But Matt Prigge, writing for Metro, argues: “There’s something intriguing about the gaping hole that is Affleck’s character, who almost never speaks and who is nevertheless the obscure object of desire of two heartbroken women. On a more immediate level, Wonder continues a project Malick began with 1973’s Badlands but only developed in this fashion with The Thin Red Line: getting inside characters’ perceptions at their most attentive, seeking to capture sensations as they’re fresh and raw.”

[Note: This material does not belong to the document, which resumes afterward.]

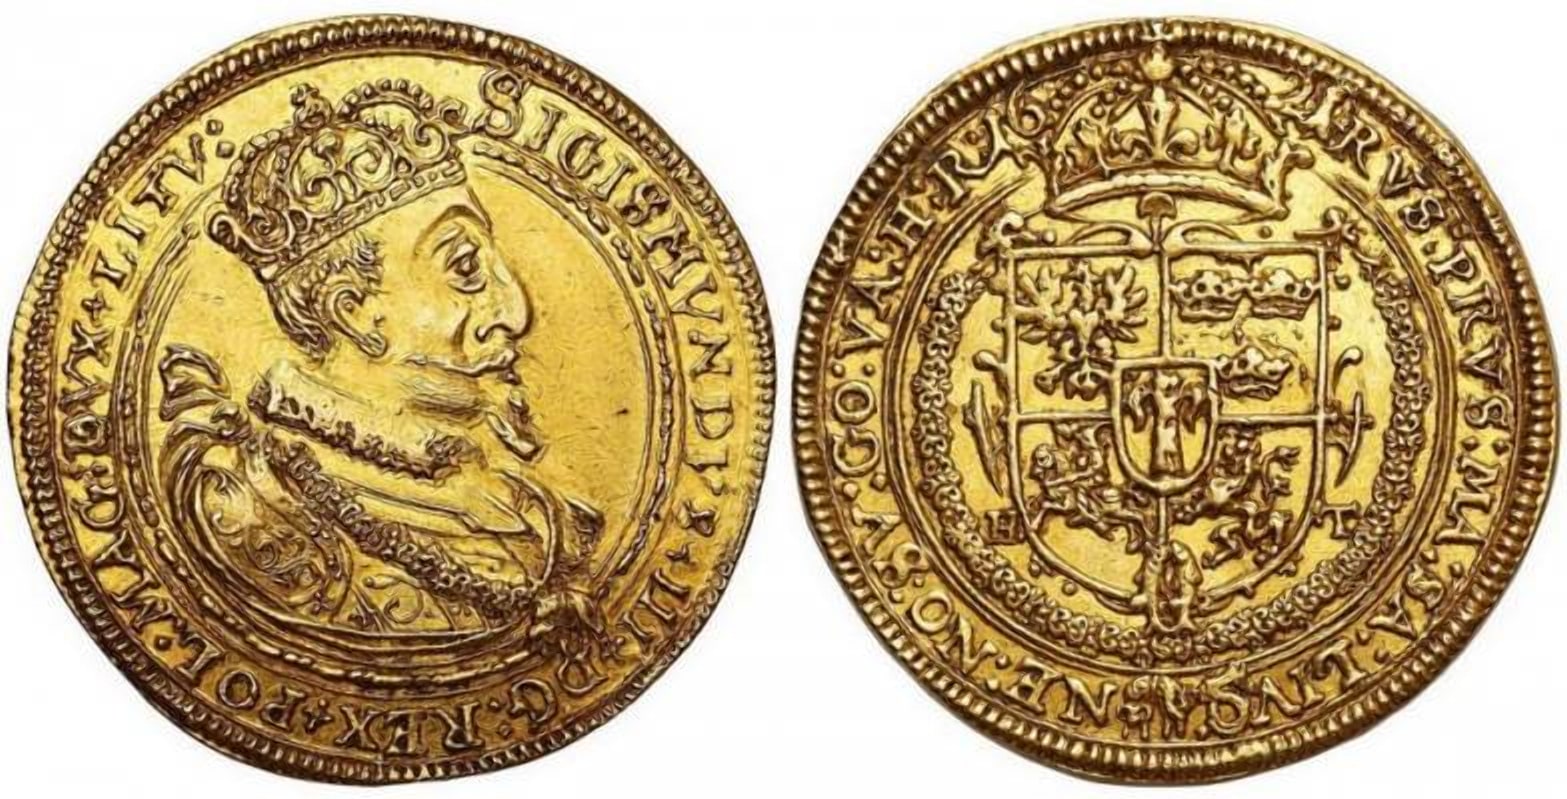 Золотая монета чеканенная для ВКЛ, основа кладов 17 века

“It almost feels like there is no point in attempting to articulate Malick anymore,” suggests Peter Labuza: “even the closest descriptions often still fail to capture the opulence of his filmmaking. But the one person who hasn’t questioned or described Malick’s filmmaking and philosophy is Malick himself. The often described as reclusive director—a statement that fails to see that his ‘non-statements’ are just as telling as those whose blabber appears on talk shows and Twitter—has made a new film, coming to theaters under two years after his massive project, The Tree of Life. But To the Wonder, a title filled with both richness and hidden meanings, is not an extension of that 2011 tone poem of childhood nostalgia and cosmic grandeur, but instead almost its polar opposite.”
“[T]hough the tight-lipped director may be known as a hermit and a recluse, Malick’s latest two films, The Tree of Life and To the Wonder, are remarkably autobiographical.” Forrest Wickman explains at Slate.

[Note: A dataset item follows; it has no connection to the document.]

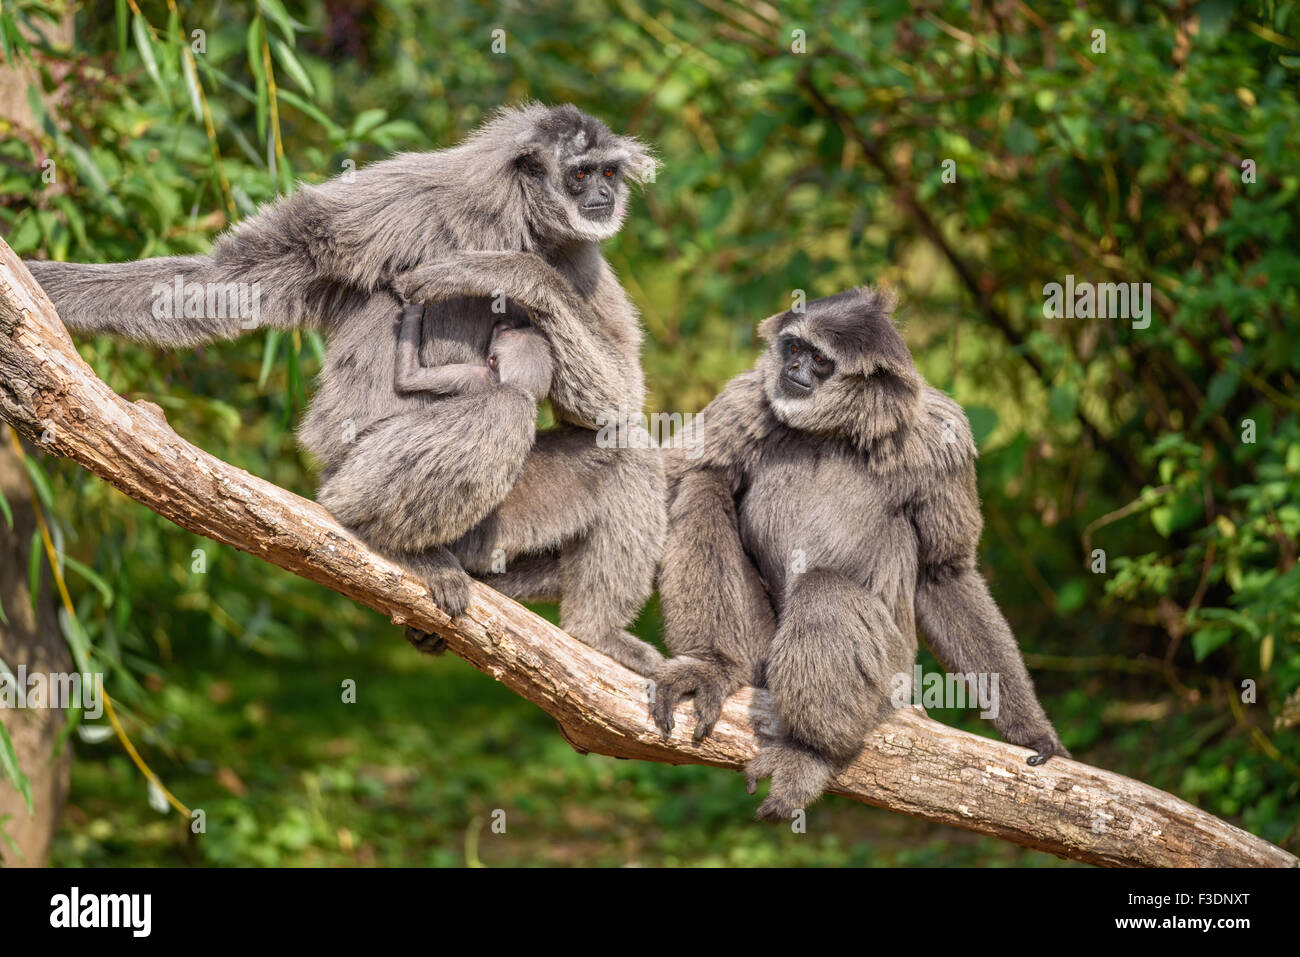 Famille de gibbons argenté (Hylobates moloch) avec un nouveau-né. Le gibbon argenté se classe parmi les espèces les plus menacées. Banque D'Images

Update, 4/16: For Bill Ryan, “one of the surprising things about To the Wonder is how unflinching—without quite looking squarely at the thing, if you see my distinction—it is about the damage one person acting upon their moods, who are guided by their selfish myopia, can wreak.”
Updates, 4/21: At Vulture, Bilge Ebiri has a terrific piece on the evolution of Malick’s approach to constructing his films, describing the way the camera team now moves as a single unit, listing the reading material Malick gives to his actors and editors, and pointing to his references to the work of Truffaut and Godard.
Richard Brody‘s posted another entry on To the Wonder, this one on how “Catholic iconography and Protestant ideals tangle in the American heartland.”
“It’s 116 minutes of epic languor, with each individual shot charged with some sort of sharp shock,” writes Ray Pride at Newcity Film. “Seeing the film a second time (in 35mm rather than DCP digital), it seemed as hard and sharp and precise as a diamond held lightly in a fist.”
“The gestures are familiar, but this time there’s no soul behind them,” finds Jason Bellamy. “The auteur’s trademark flourishes feel less designed for this film than leftover from previous ones. To the Wonder is Terrence Malick via Overstock.com.”
Updates, 4/29: “[B]ecause of the overtness of his directorial signatures, Malick’s tics have been primed for the picking by other filmmakers.” At Vulture, Nick Schager writes up an inventory, citing Ridley Scott, David Gordon Green, Andrew Dominik, John Hillcoat, Zack Snyder, Carlos Reygadas, and Shane Carruth.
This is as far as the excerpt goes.